- Also known as: Dalienst
- Born: Daniel Ntesa Nzitani 30 October 1946 Kinsiona, Cataractes District, Bas-Congo, Belgian Congo
- Died: 23 September 1996 (aged 49) Brussels, Belgium
- Genres: Congolese rumba; soukous;
- Occupations: Singer; songwriter; bandleader;
- Instrument: Vocals
- Years active: 1956–1996
- Labels: Afro-Disc; SonoDisc; Mélodie Distribution; Disco Stock; Éditions Vévé; Sango Music; Pathé Marconi; Lulonga; Visa 80; Rythmes Et Musique; Sans Frontieres; African Sun Music; La Deference Productions; Tchika; Associated Sound Limited;
- Formerly of: Motema Jazz; Vox Africa; Festival des Maquisards; Les Grands Maquisards; TPOK Jazz; Champions du Zaïre; Afri-Jazz;
- Spouse: Thérèse Mavata Nkue

= Ntesa Dalienst =

Congolese musician (1946–1996)

Daniel Ntesa Zitani (30 October 1946 – 23 September 1996), known professionally as Ntesa Dalienst or Dalienst, was a Congolese singer-songwriter. Known for his high-pitched mezzo-soprano vocal range, he is regarded as a significant figure in the evolution of 20th-century Congolese and African popular music. His hits include "Jarria", "Maria Mboka", "Tokosenga na Nzambe", "Obotama Mobali Ndima Pasi", "Biki", "Muzi", "Bina na ngai na respect", "Tantine" and "Mulele".

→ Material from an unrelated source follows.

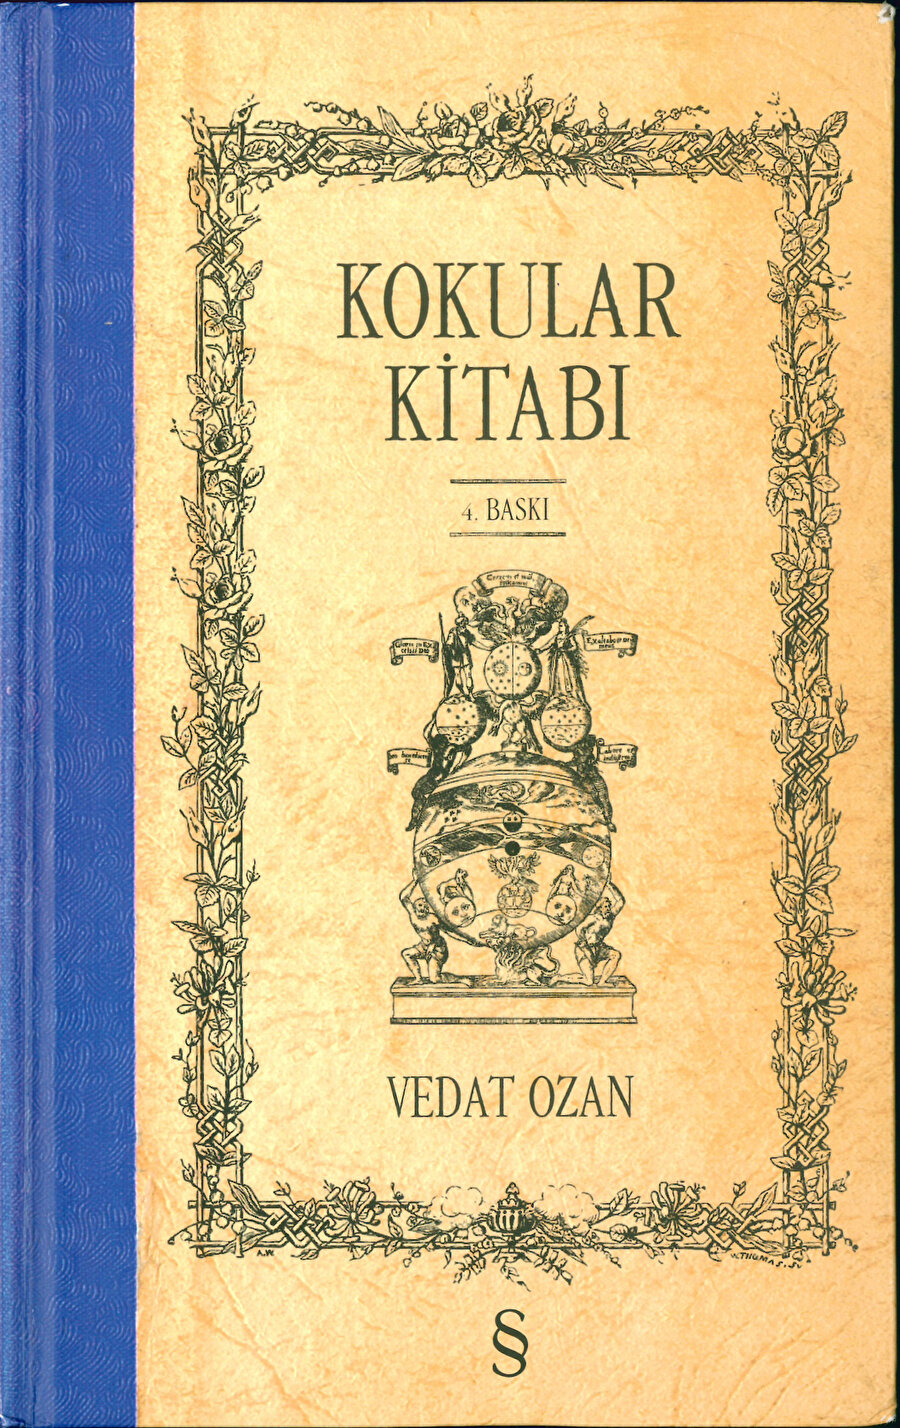 Kokular Kitabı, Sedat Ozan.

Born in Kinsiona, Kongo Central, Ntesa began his career in 1956, at the age of ten, when he formed a youth band called Motema Jazz. After completing his secondary education, he briefly pursued a teaching career at the junior secondary level before committing fully to music in 1966. The following year, he relocated to Kinshasa, where he joined Vox Africa, the orchestra led by Jeannot Bombenga. In 1968, he became a member of Festival des Maquisards before it disbanded a year later. Later in 1969, Ntesa co-founded Les Grands Maquisards with Dizzy Mandjeku, under the patronage of Verckys Kiamuangana Mateta's label, Vévé Éditions. In 1976, he joined Franco Luambo's TPOK Jazz, where he served as bandleader for several years and contributed to some of the band's most breakout hits. Following Franco's death in 1989, Ntesa briefly performed with Les Champions du Zaïre, a collective of TPOK Jazz veterans based in Brussels, having earlier revived Les Grands Maquisards in 1988. In 1994, he co-founded Afri-Jazz, a band that brought together seasoned musicians from Orchestre Afrisa International and TPOK Jazz alongside younger Congolese performers.

Ntesa died in Brussels on 23 September 1996, at the age of 49, following complications from brain surgery for a tumor.

== Life and career ==

=== 1946–1966: Early life and career beginnings ===
Daniel Ntesa Nzitani was born on 30 October 1946 in Kinsiona, Cataractes District, Bas-Congo (now Kongo Central), in the Belgian Congo (later the Republic of the Congo, then Zaire, and today the Democratic Republic of the Congo). He began his education in 1951 at Christ-Roi in Kasa-Vubu, Kinshasa, under Catholic instruction. In 1956, at the age of ten, he established a youth orchestra called Motema Jazz, performing with improvised instruments, including tin cans and handcrafted guitars. During this period, he attended a Catholic missionary school in N'Djili, where he participated in the choir and received training in liturgical music. Born to Kimbanguist parents, his father intended for him to sing in a kintuadi choir, part of the early Kimbanguist movement. Ntesa later attended boarding school in Nkamba and then the teacher training school in Gombe-Matadi, where he continued to develop his vocal skills under the guidance of a singing teacher.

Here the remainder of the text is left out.